謝憫坐在沙發上摁開了電視,正在播放一個企業家專訪。
電視里一位穿著優雅的女士,留著干練的短發,化著淡妝,面對主持人的提問正在侃侃而談,展望望北經濟特區的大好前景。
“我們對逸林的發展很有信心,所以整體布局南移,在這里成立了新的全球戰略中心,寄希望于能夠通過國家的好政策,加強對外的經濟合作,促進對內經濟發展,帶來更多樣化的消費體驗”
“誰啊,話說得這么牛逼”顧添提著燒好的熱水走到客廳。
謝憫一聳肩“什么尚品甄選”
“哦,他們家啊”顧添給謝憫倒上了熱水,電視里的訪談還未結束。
“這個公司做什么的”
“奢侈品,鐘表,首飾,珠寶。他們家最開始是做二手起家的,十年前發家地是帝城,做二手收售,寄賣,鑒定,保養。那會國內經濟形勢并不如現在,他們做的半死不活。后來隨著國內經濟水平發展,奢侈品消費越來越普遍,他們入行早,占了先機,起死回生越做越大,在國內快成了除官方以外的第二權威了,最近一年發展很火。
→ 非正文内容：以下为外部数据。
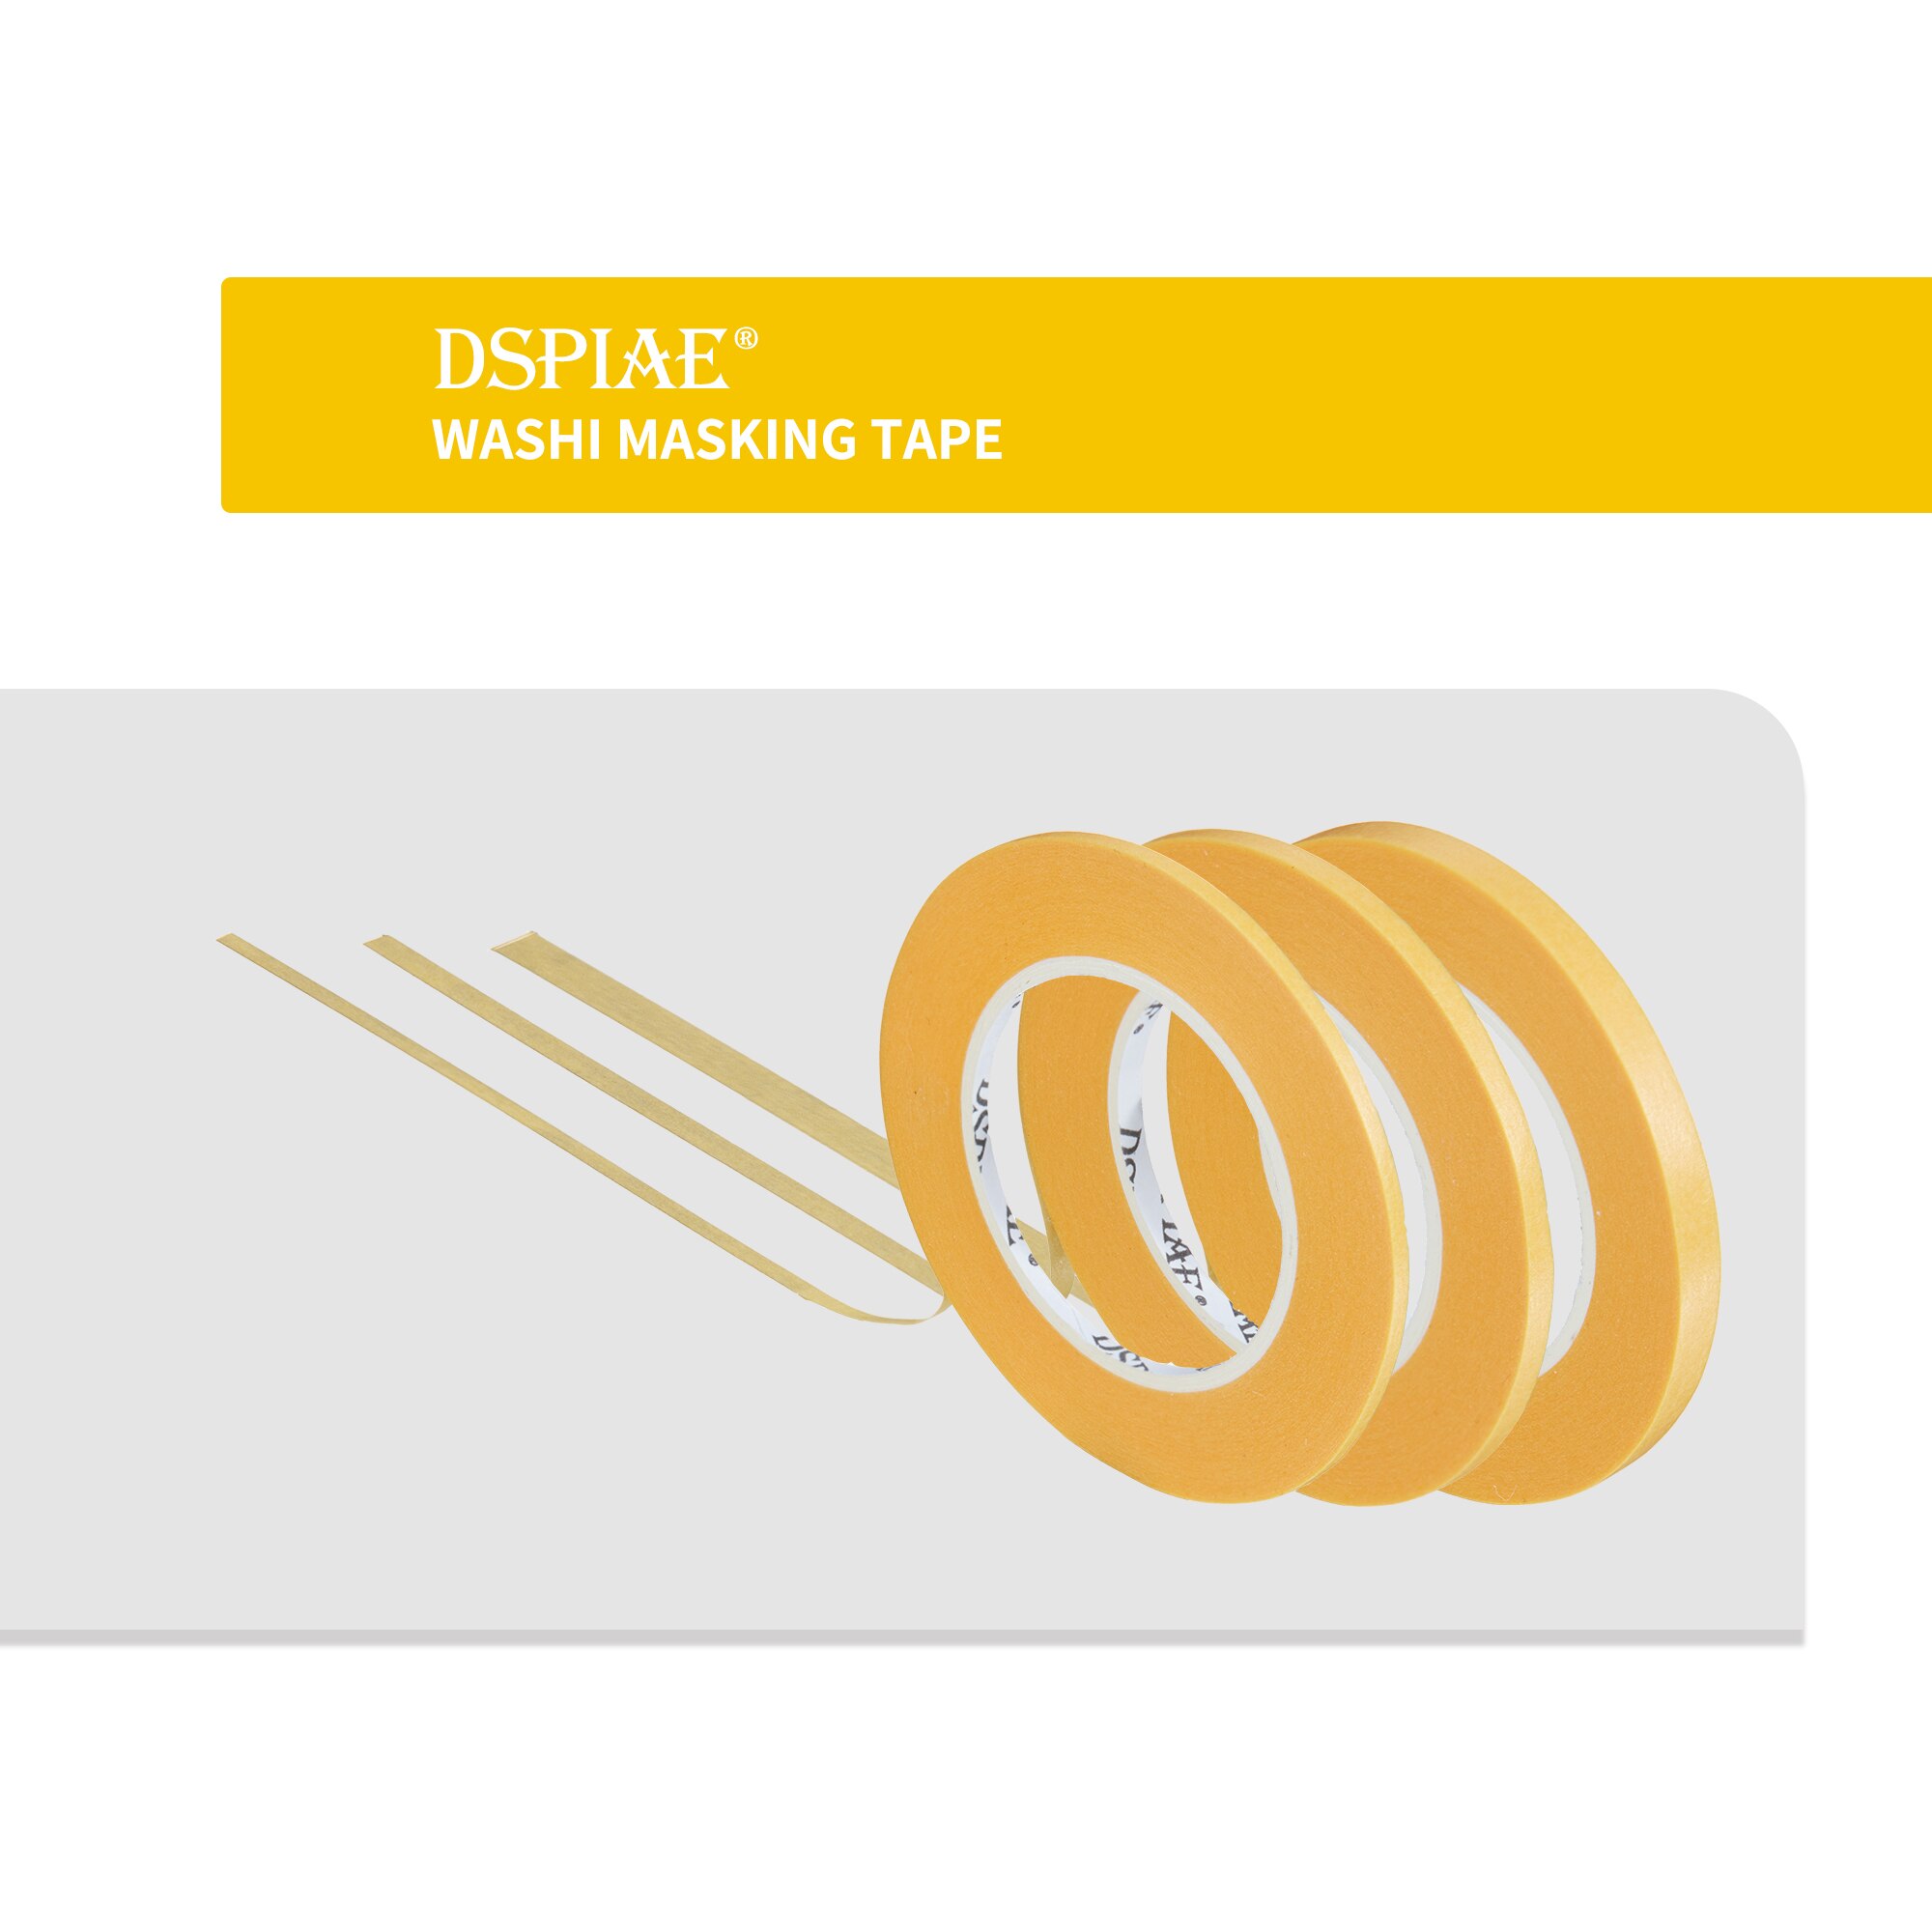 DSPIAE-modelo de cinta adhesiva

據說和很多品牌官方都有合作,開始賣一些稀缺新品了。現在的逸林啊,誰都想來分杯羹,跟著政策能不能賺錢不好說,能拉不少風投就是了。”
顧添打開罐子捻了一塊果脯放進嘴里,上次謝憫買的幾袋,被他這么時不時吃一點,也算是快要吃完了。
“今晚早點睡吧一會屋子暖和了就睡吧,明天早點去醫院,我下午和趙醫生聯系過。”顧添說。
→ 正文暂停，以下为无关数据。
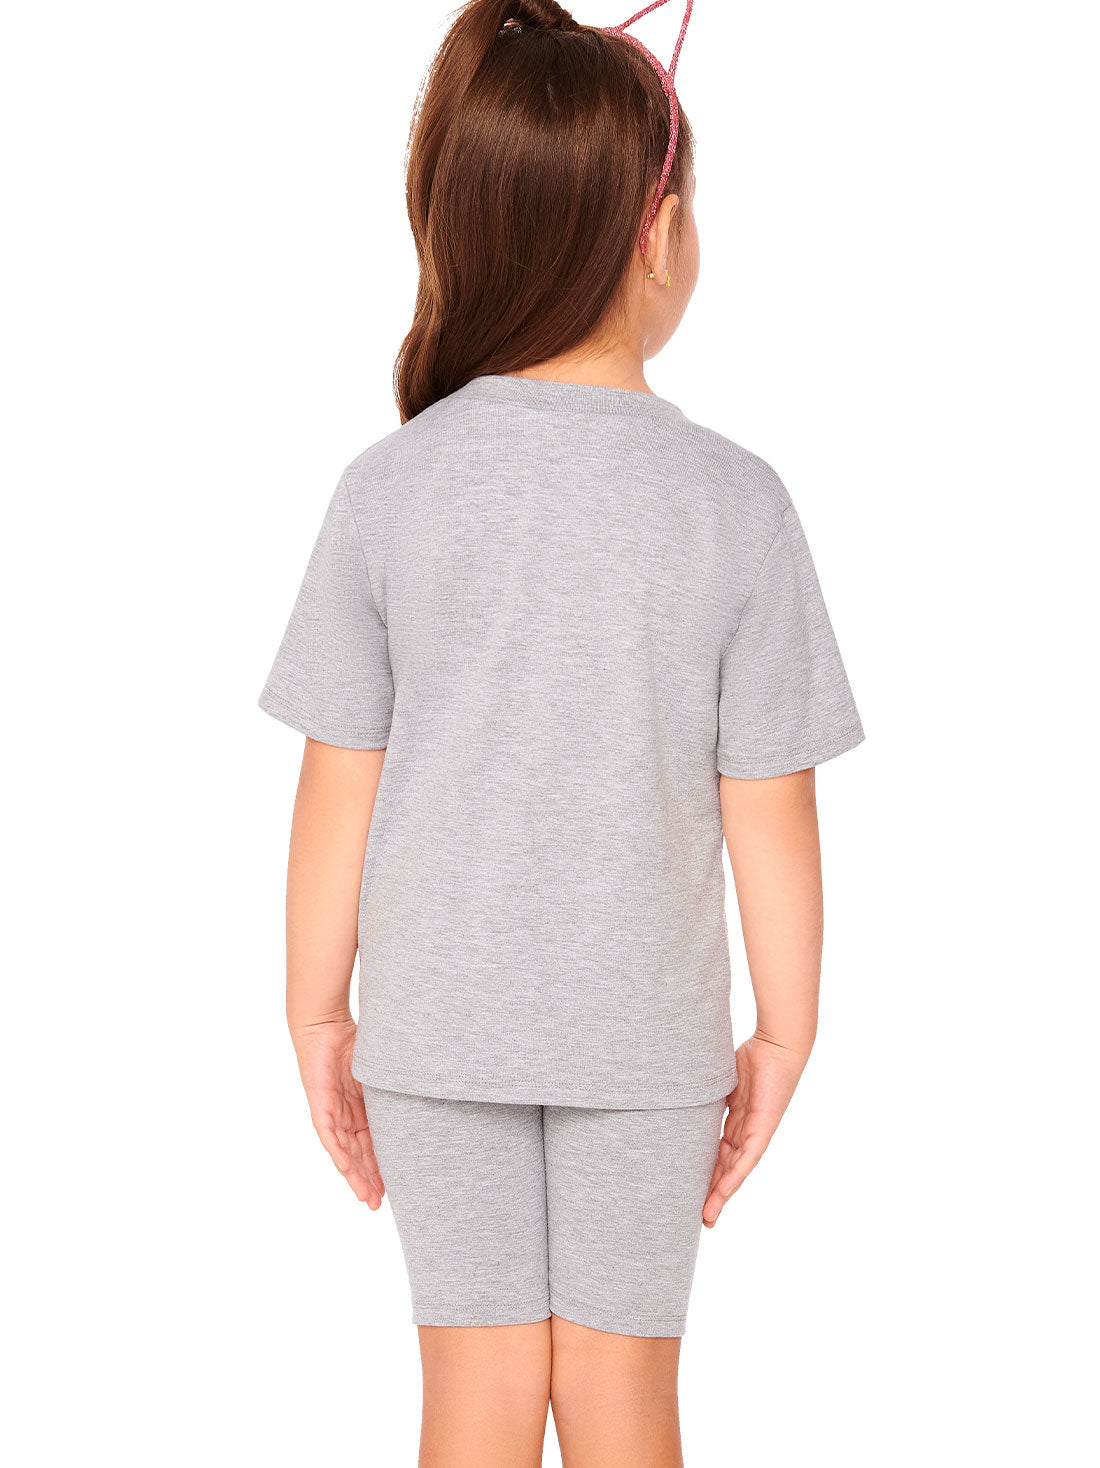 Light Gray T-Shirt and Shorts Set 19005

謝憫嗯了一聲,電視里的節目就要接近尾聲,主持人開始說著結束的潛臺詞。
“聽說羅女士希望通過我們節目完成一個小小的心愿是嗎”
“是的,我想借節目幫我尋找我分離了三十多年的兒子”
“人販子該死。”顧添念叨了一句,眼睛盯著屏幕。
屏幕上打出了羅女士年輕時候的照片,經過時光磨礪的舊照不能掩蓋她端莊的模樣,懷中淺藍色的襁褓里裹著一個小小的嬰孩,咧著嘴朝著鏡頭傻笑。
字幕一排排提示著關鍵信息。
三十三年前的立夏,羅嬌唯一的兒子出身。
仲夏,她被迫和兒子分離,從此天各一方,了無音訊,羅嬌出走國外對兒子的思念與日劇增,這些年一直在尋找卻從來沒有半點消息。
最后和兒子見面的城市是一座南方小城,顧添要查地圖可能才知道那種。
顧添盯著屏幕喃喃自語。
“你說是被拐了,被偷了還是怎么啊。三十幾年啊,那孩子還活著吧”
顧添說完半晌沒人接茬,他一轉臉,謝憫盯著電視機發呆,那個側顏居然有點像
他拍了拍謝憫手臂“你發呆什么我說這孩子是被偷了還是被拐了啊,那會多大啊,怎么這些信息都沒有呢。”
“孩子小時候的照片就那么一張,怎么找啊。”
“嗯”
謝憫側轉頭“你說什么”
顧添又把剛才的話復述了一遍,謝憫干脆利落回答了兩個字“遺棄。”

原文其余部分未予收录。